An important consequence of the above work method is that not all potential solutions are being assessed throughout the design process. This limits the adaptability of the design process and can potentially lead to suitable solutions being overlooked. To improve the design process, more stack equipment types should be considered and evaluated throughout the process, and all considered design options should be visualised. This is as yet not possible in the limited time available time in the concept phase with the currently available tools. This problem leads to the following research question:

What are the consequences of accelerating the generation and visualisation of concept level terminal designs, by modelling the automatable tasks, on the concept design phase?

A typical concept design process, as defined in this report, consists of six stages and has an indicative duration of four to eight weeks, depending on the exact outline of the project and the local conditions. The tasks that correspond to the generation of the various terminal concept design options (i.e., concept level calculations, layout generation, cost estimation and visualisation) are considered to be automatable. An examination of currently existing design tools demonstrated that there is currently no available tool that meets the requirements and therefore, a specific design tool must be developed. Parametric engineering is the chosen method for automating the concept level design process as it allows for different solutions to be explored and provides for flexibility during the process. Based on both expert interviews and studied literature, it has been decided to build the design tool using a combination of two packages in which Python is used for concept level terminal calculations and Grasshopper is used for layout generation. The developed tool can calculate the required terminal elements (e.g., storage capacity, quay length, equipment numbers), arrange these elements into a layout, make a cost estimate and instantly produce a 3D visualisation of the corresponding terminal concept design.

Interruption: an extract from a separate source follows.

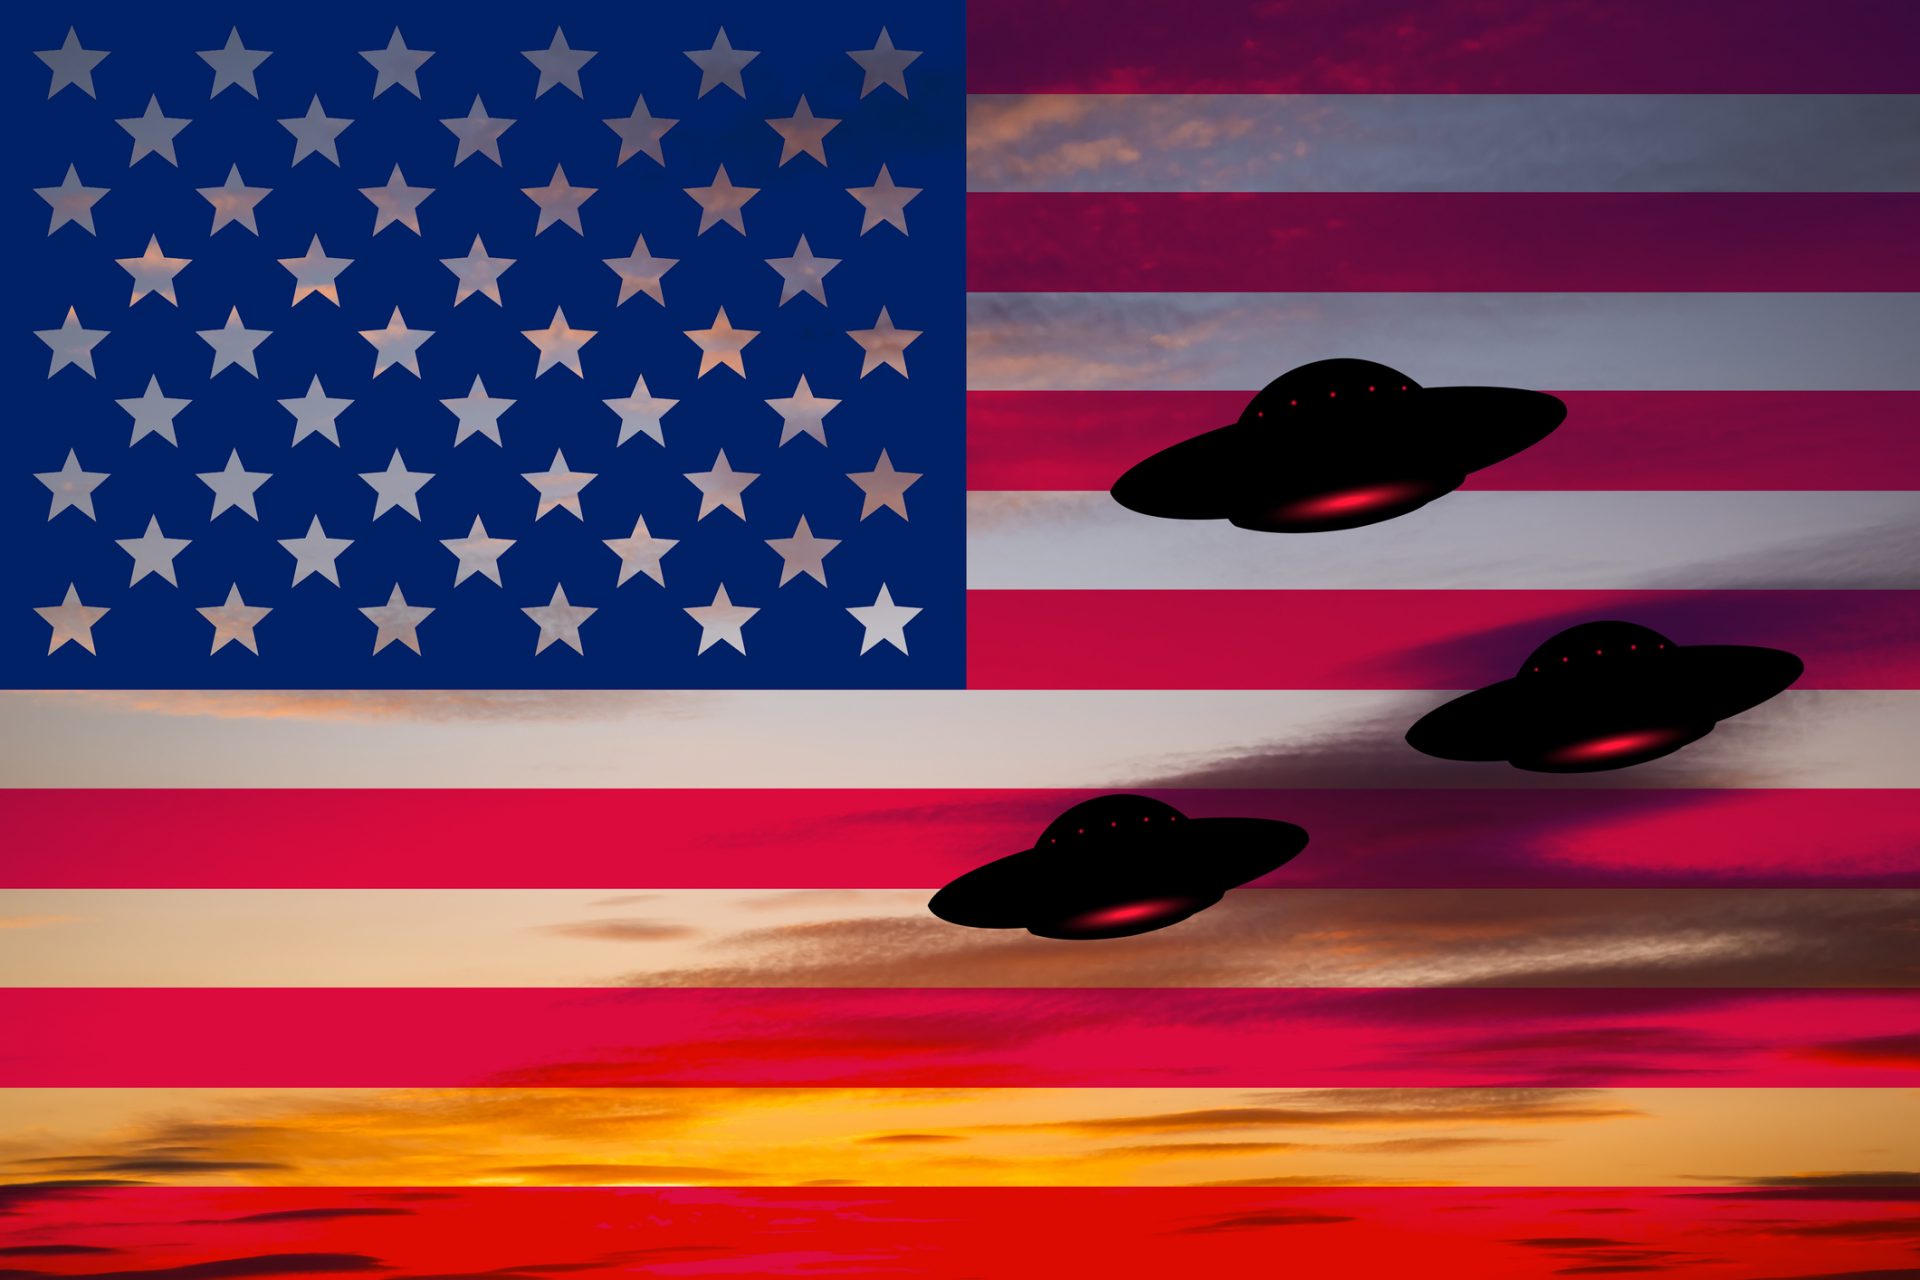 Gli USA non nascondono prove dell'esistenza di vita aliena: l'ultimo rapporto del Pentagono sugli UFO

A case study is used to validate the output of the tool and to demonstrate the tool's ability to evaluate all types of stack equipment in parallel throughout the process. During this research, the design tool was used exhaustively for a wide range of terminal designs, of which the required durations were logged. In the end, this averaged to an estimated reduction in the required time for the concept phase of around half of the original four to eight weeks. It should be noted that this number is indicative and that many factors influence this number, such as the complexity of the project, the amount of 'tailoring' required and the experience the terminal planner has with using the tool. Nonetheless, based on these findings, it can be concluded that the tool allows for evaluating more options in less time.

To further explore the tool's capabilities, the design tool is used to investigate the effect of four prominent local cost parameters (i.e., cost of land, labour, fuel and electrical power) on each of the considered stack equipment options. The results show that the cost of labour has the most significant influence on the terminal's cost estimate, but that the most significant discrepancies between the stack equipment options are observed when increasing the cost of land. Although the cost of labour and land are considered to have a significant influence on the concept phase, the results demonstrate that for a medium-sized container terminal located in Western Europe, the most economical stack equipment option is the RTG, regardless of the influence of the examined local cost parameters.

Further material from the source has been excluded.